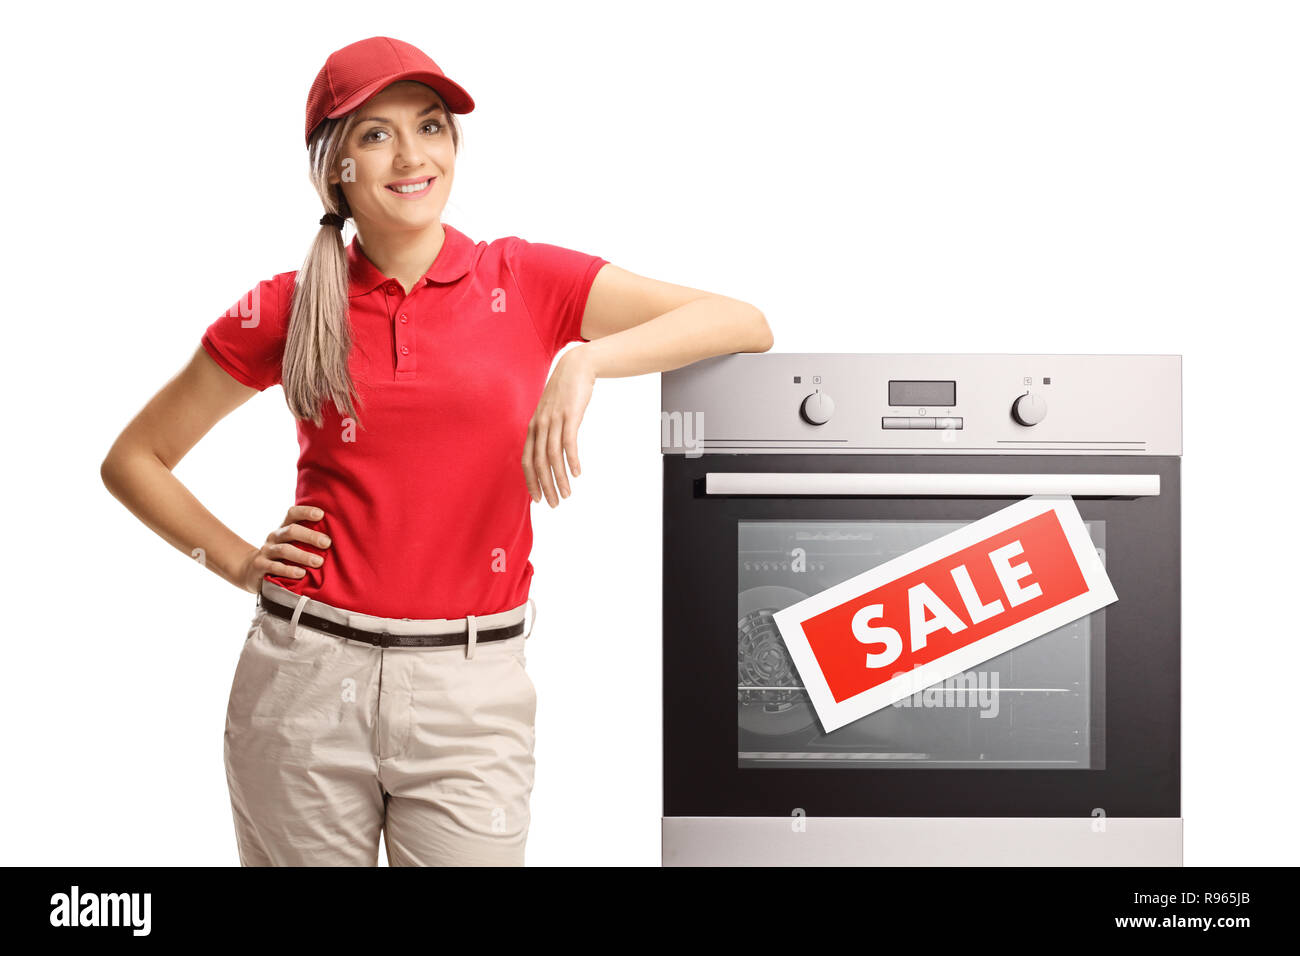 Female sales manager standing next to an electrcal oven on sale isolated on white background Stock Photo
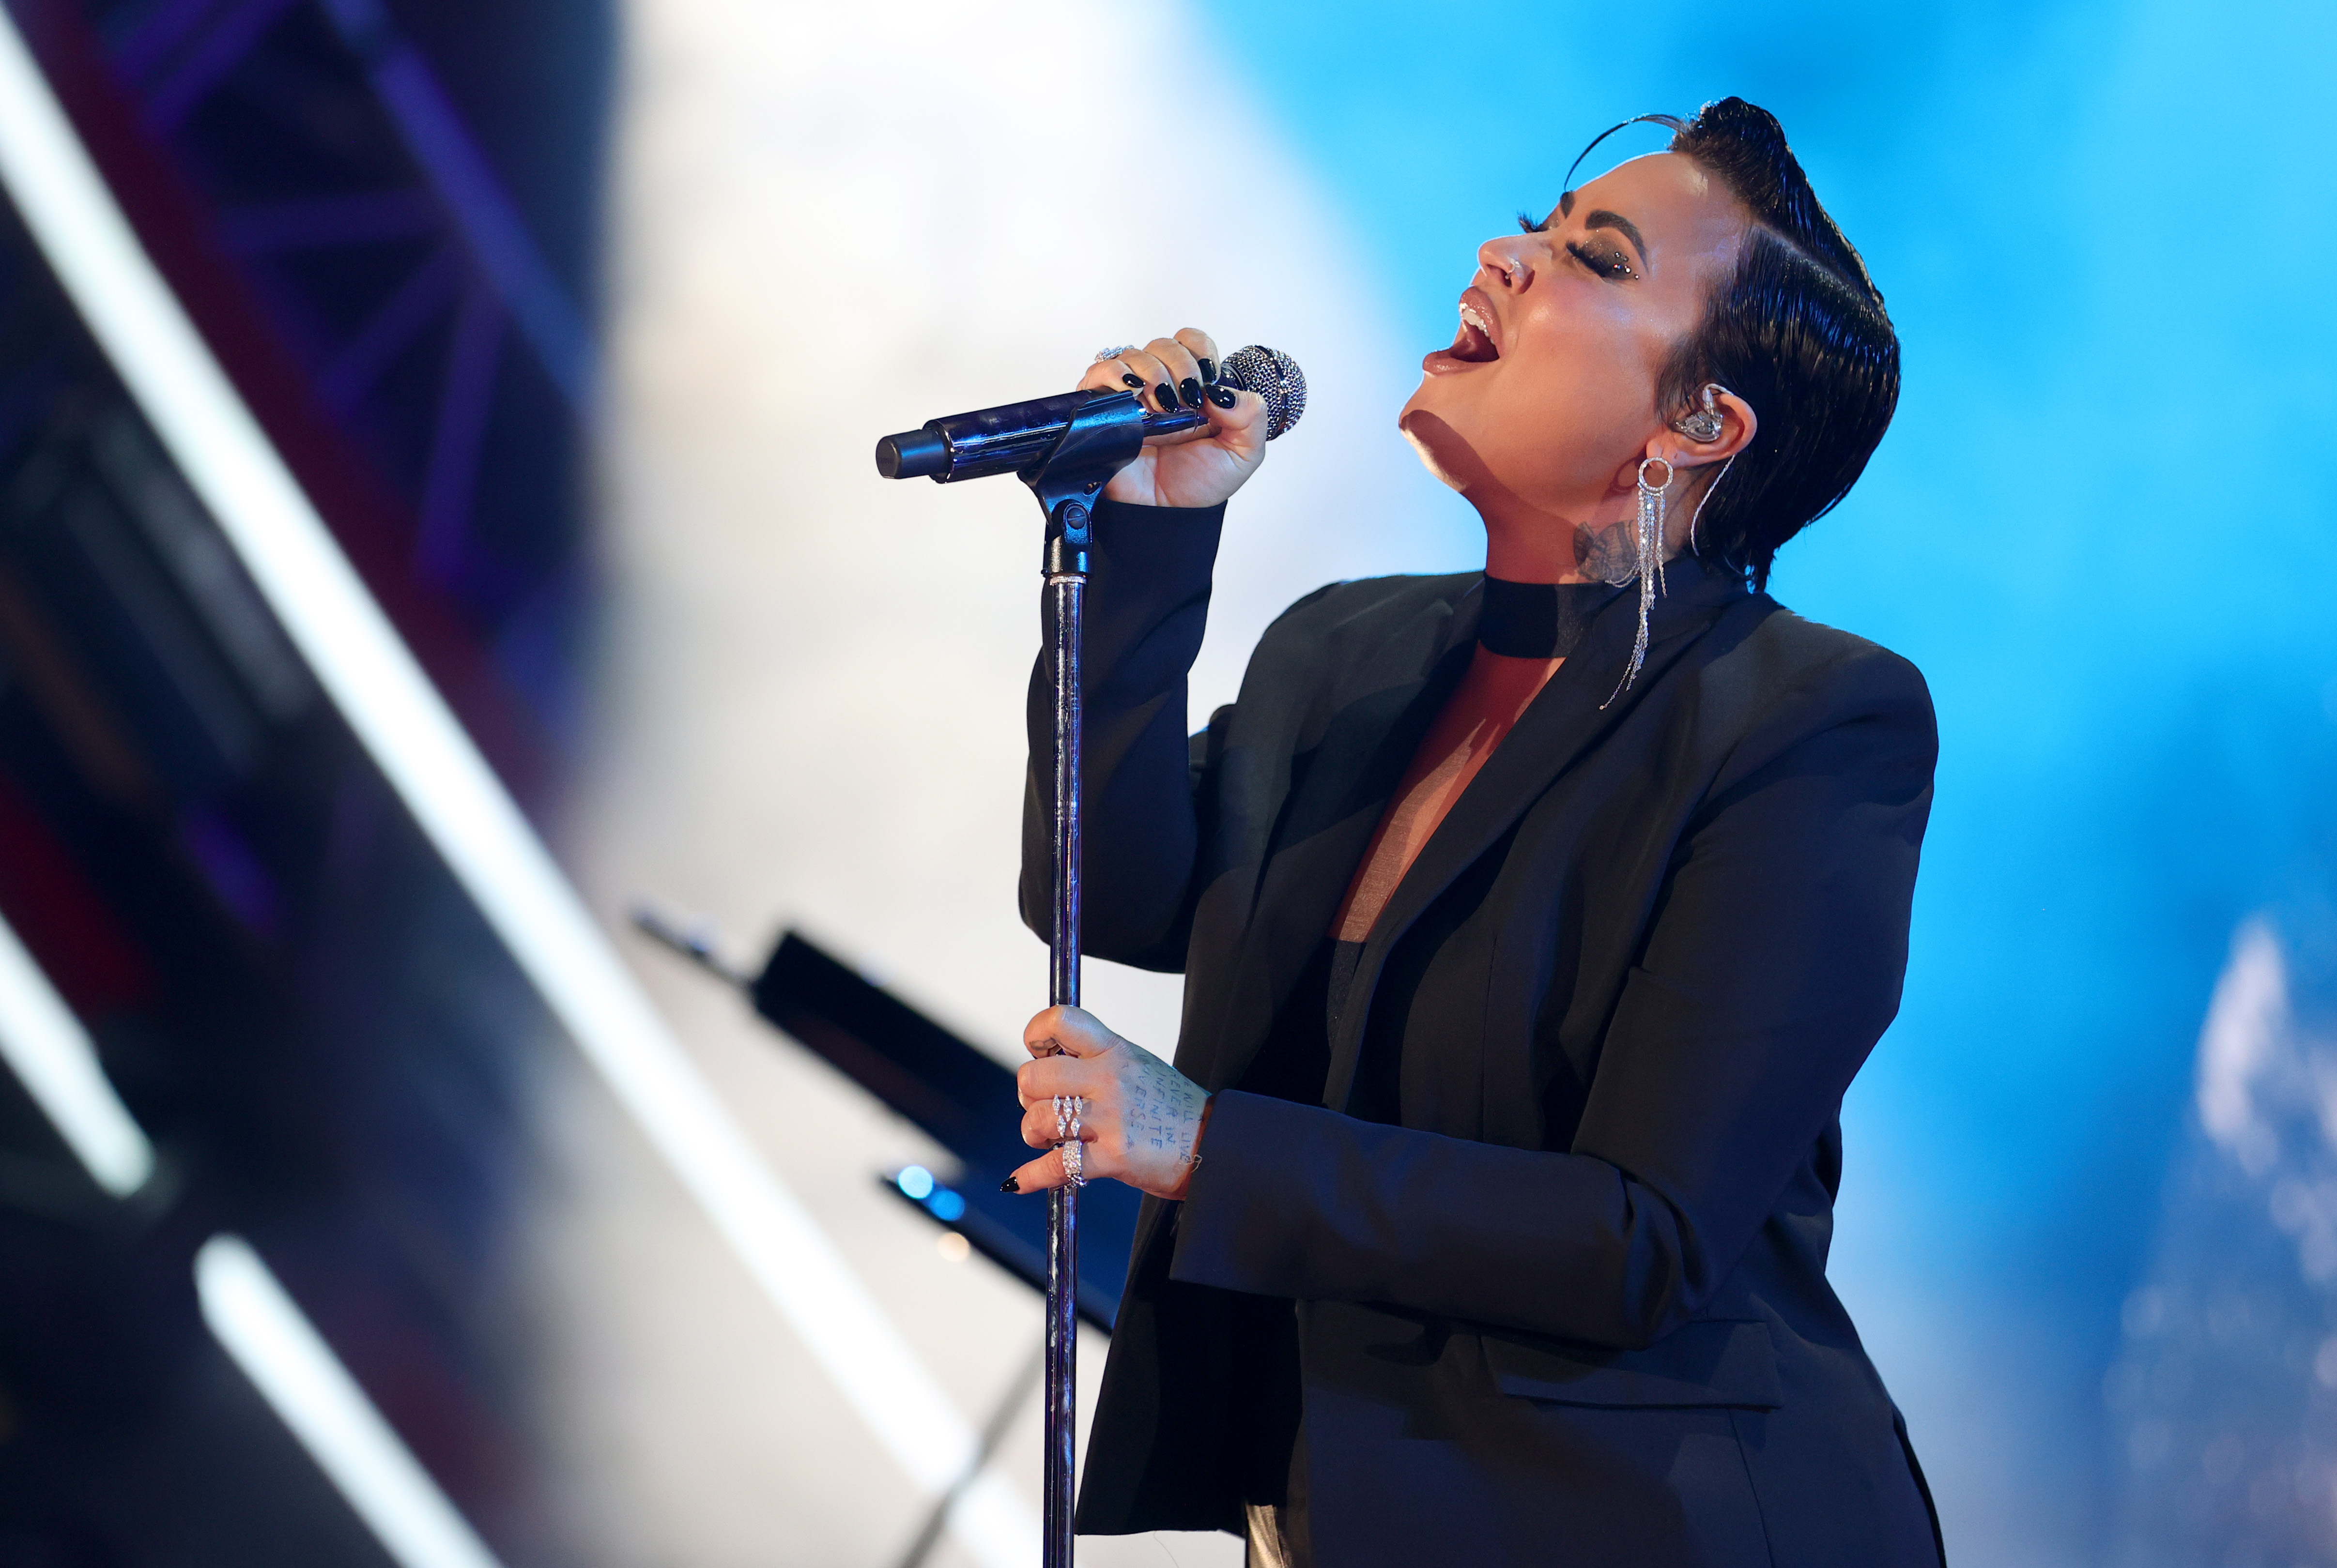 Demi Lovato performs onstage during Global Citizen Live on September 25, 2021 in Los Angeles, California.
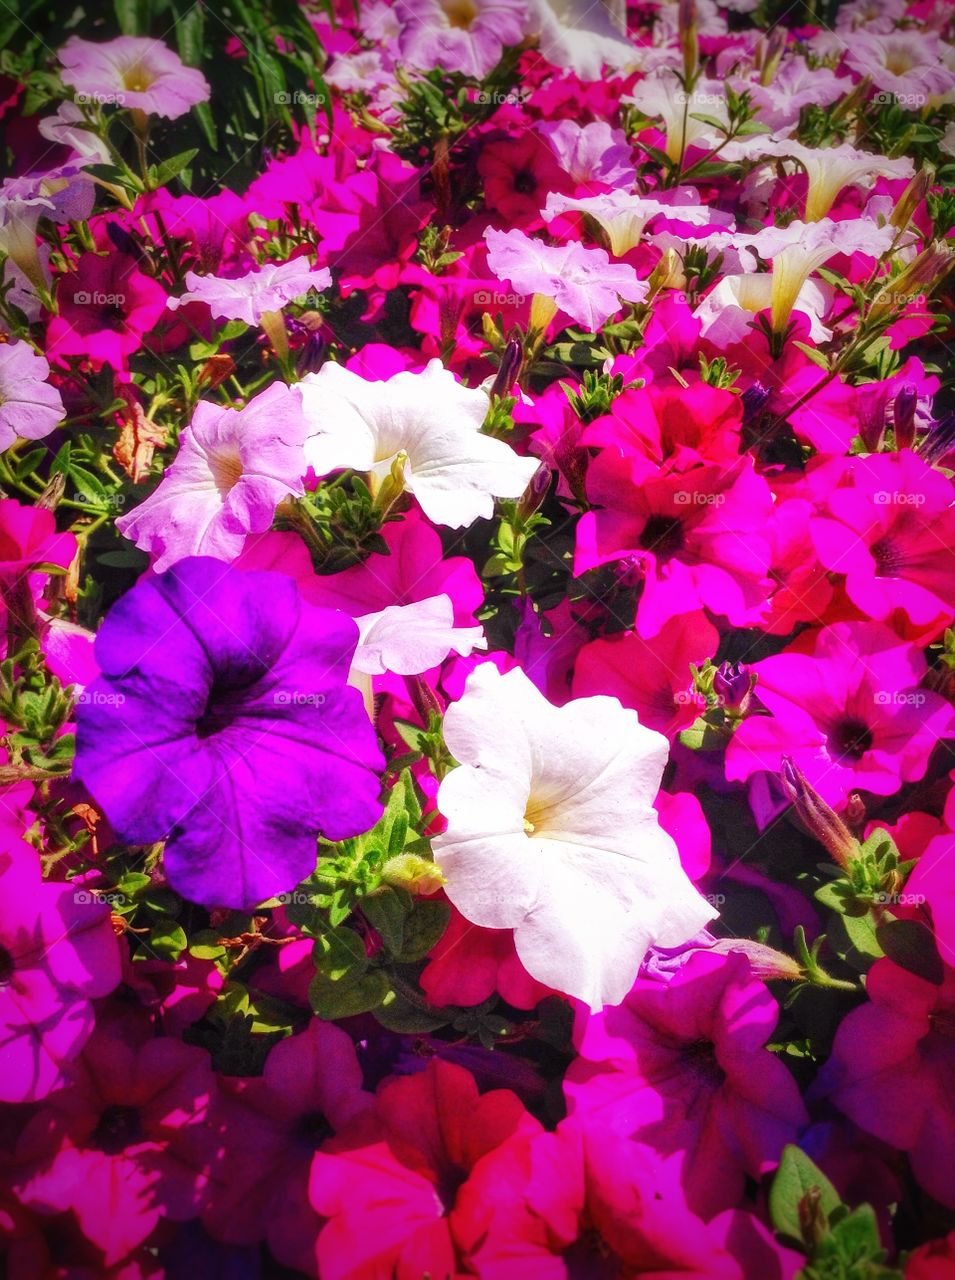 Petunias. Summer isn't complete without petunias in the garden.
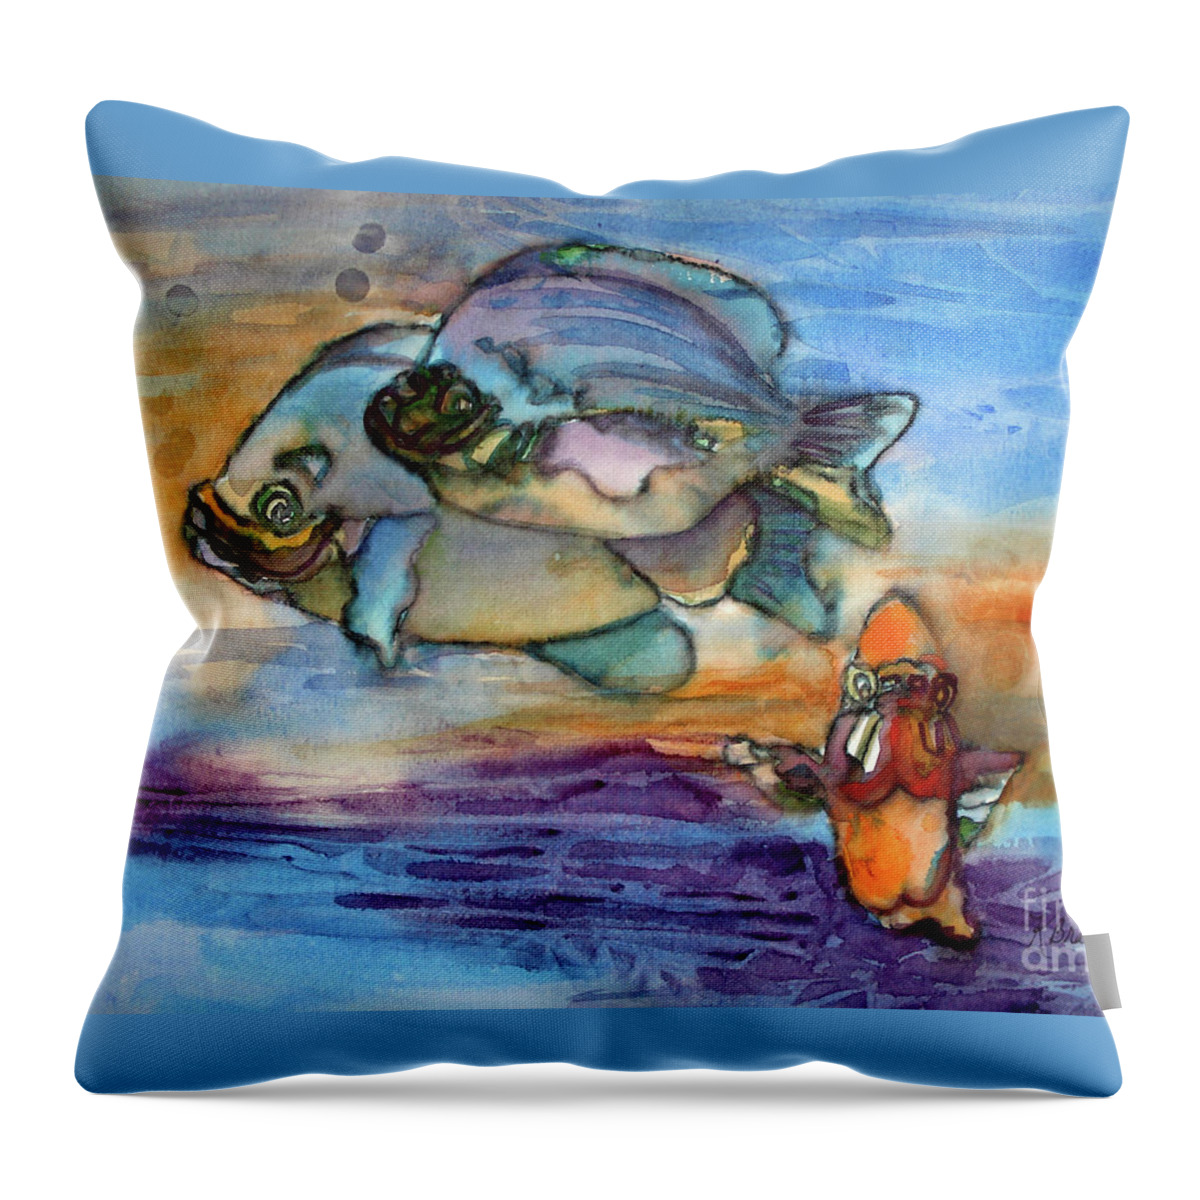 Joyful Throw Pillow featuring the painting Fish - Light Rays of Color by Kathy Braud

## Work instructions
The material above is to be set down exactly, with pictures removed.

## Answer space
 Female sales manager standing next to an electrcal oven on sale isolated on white background Stock Photo
 Demi Lovato performs onstage during Global Citizen Live on September 25, 2021 in Los Angeles, California.
 Petunias. Summer isn't complete without petunias in the garden.
 Joyful Throw Pillow featuring the painting Fish - Light Rays of Color by Kathy Braud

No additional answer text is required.